We’re very used to representing quantities by numbers. The cash register will tell us how much we have to pay, and the pump at the gas station will tell us how much gasoline we poured into our tank, and the scale will tell us how much we weigh – all by showing us a number. We are used to interpreting these numbers, and we have acquired a whole arsenal of practices and distinctions around quantities and numbers, many of which we have come to take for granted. When we watch children struggle with the very things we have come to take for granted, we have an opportunity to re-learn and re-appreciate the subtlety and the sophistication involved. Watching children can make the familiar seem strange and fresh. I intend to highlight some of these subtleties, starting in this post.
Not all kinds of quantities are the same, and not all kinds of numbers are the same. We’ve all heard or read statements like “The average American adult male has 2.2 kids and .9 automobiles, and has been married 1.1 times.” (These specific numbers are completely made up.) And we know, as adults, that there is no one person we could point to who is “the average American adult male”, and if we found that person, he wouldn’t have 2.2 kids.
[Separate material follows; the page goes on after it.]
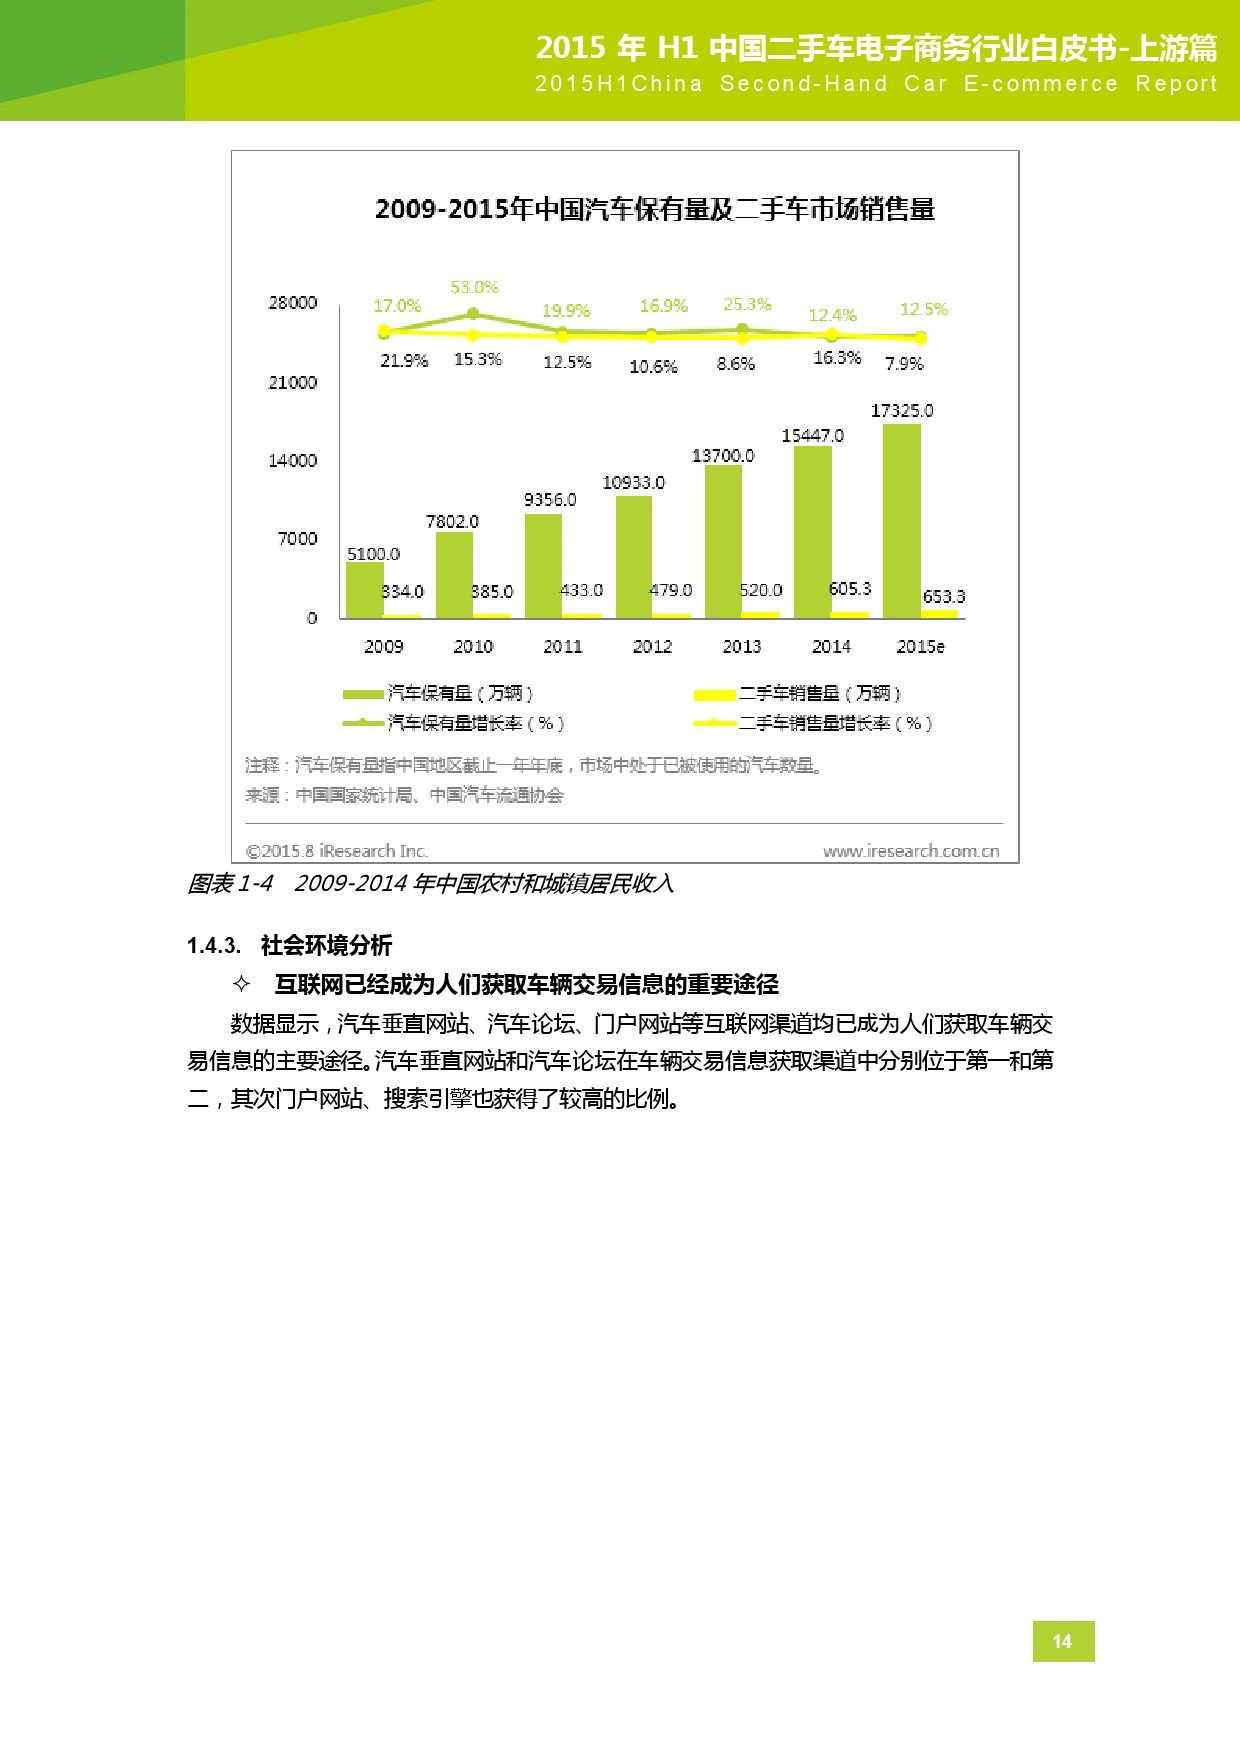 2015年中国二手车电子商务行业白皮书-上游篇_000015

We can be quite sure about that, because there is no such thing as a living and breathing .2 kid.
And yet we can make meaning of the statement “The average American adult male has 2.2 kids” by treating it as a short-hand for “American adult males, on average, have 2.2 kids” or “the number of kids that American adult males have, averages 2.2”. We could visualize this in many ways, for instance: “if you took ten typical American adult males, they would have about 22 kids total.” The phrase “2.2 kids” can be perfectly meaningful even if there is no such thing as a .2 kid.
We also know that certain kinds of numbers aren’t suitable to draw certain kinds of conclusions from. For example, if you discovered that your telephone number is exactly twice what mine is, it is hard to see what this means for either of us. Telephone numbers aren’t set up for conclusions to be drawn about ratios. For all intents and purposes, those ratios are meaningless.
This is the first post in an intended series about different kinds of quantity and the different kinds of conclusions you can draw from them.